Source: Mario Tama / Getty

As we approach almost four weeks since Hurricane Maria, the people of Puerto Rico are still living in catastrophic conditions, with little news available to discern fact from fiction.

While the “official” death numbers that mainstream news reports are 48 dead, media group Report, Reimagine, Revive Puerto Rico is reporting that there are over 400 dead in the capitol of San Juan alone.

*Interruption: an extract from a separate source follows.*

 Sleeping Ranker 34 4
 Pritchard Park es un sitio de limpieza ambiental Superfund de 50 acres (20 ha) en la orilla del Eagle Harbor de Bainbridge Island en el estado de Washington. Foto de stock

“I wish I could say that I thought it wasn’t a socioeconomic caste system, but it absolutely is,” volunteer nurse Misty Richards told Newsweek. “These Puerto Ricans are being treated like they are disposable. It’s been inhumane.”

While 45 threatens to take away FEMA, first responders, and military, claiming that aid has been “amazing (under the most difficult circumstances),” citizens have experienced otherwise. FEMA is reportedly only allowing Puerto Ricans to apply for aid online but a majority of the island lacks internet and electricity. Others have reported that FEMA hasn’t been able to reach the smaller areas that need it the most. A team from the New York Post said they spent three days traveling the island and only witnessed one instance of federal aid distribution.

“There hasn’t been any help from the government, nobody has passed, nobody has come, nobody,” Carmen Pantoja of Vega Baja, a small town in the forests of north-central Puerto Rico, told the Post. “And right now, nobody has come to visit, just one friend of mine came and brought some groceries.”

When FEMA is able to bring food packages to citizens, the organization typically provides snacks rather than actual meals.

 

 

Since many Puerto Ricans haven’t even been able to get their basic medication, more diseases have begun to spread due to contaminated water. A total of 10 people have reportedly come down with leptospirosis, a lethal disease spread by animal urine. Access to clean water has proven almost impossible in the wake of the storm with many islanders taking the risks they need to try and survive.

“I’m going to drink it,” Juan Carlos Oquendo told CNN about contaminated well water near a hazardous waste site. “I’ve drank it before. It tastes fine. If I don’t drink water I’m going to die. So I might as well drink this water.”

This is only the beginning of what will be potentially a six month to a year’s worth of reconstruction on the island, including regaining power, functioning water lines, reparation of roads and bridges, and other very basic living conditions. But somehow 69 Republicans in the House voted against additional aid for the island.

The lack of empathy, concern and urgency for Puerto Rico isn’t just appalling, it’s irresponsible. This is nothing short of exactly what San Juan Mayor Carmen Yulín Cruz said in a press conference just a couple of weeks prior: “what we we are going to see is something close to a genocide.”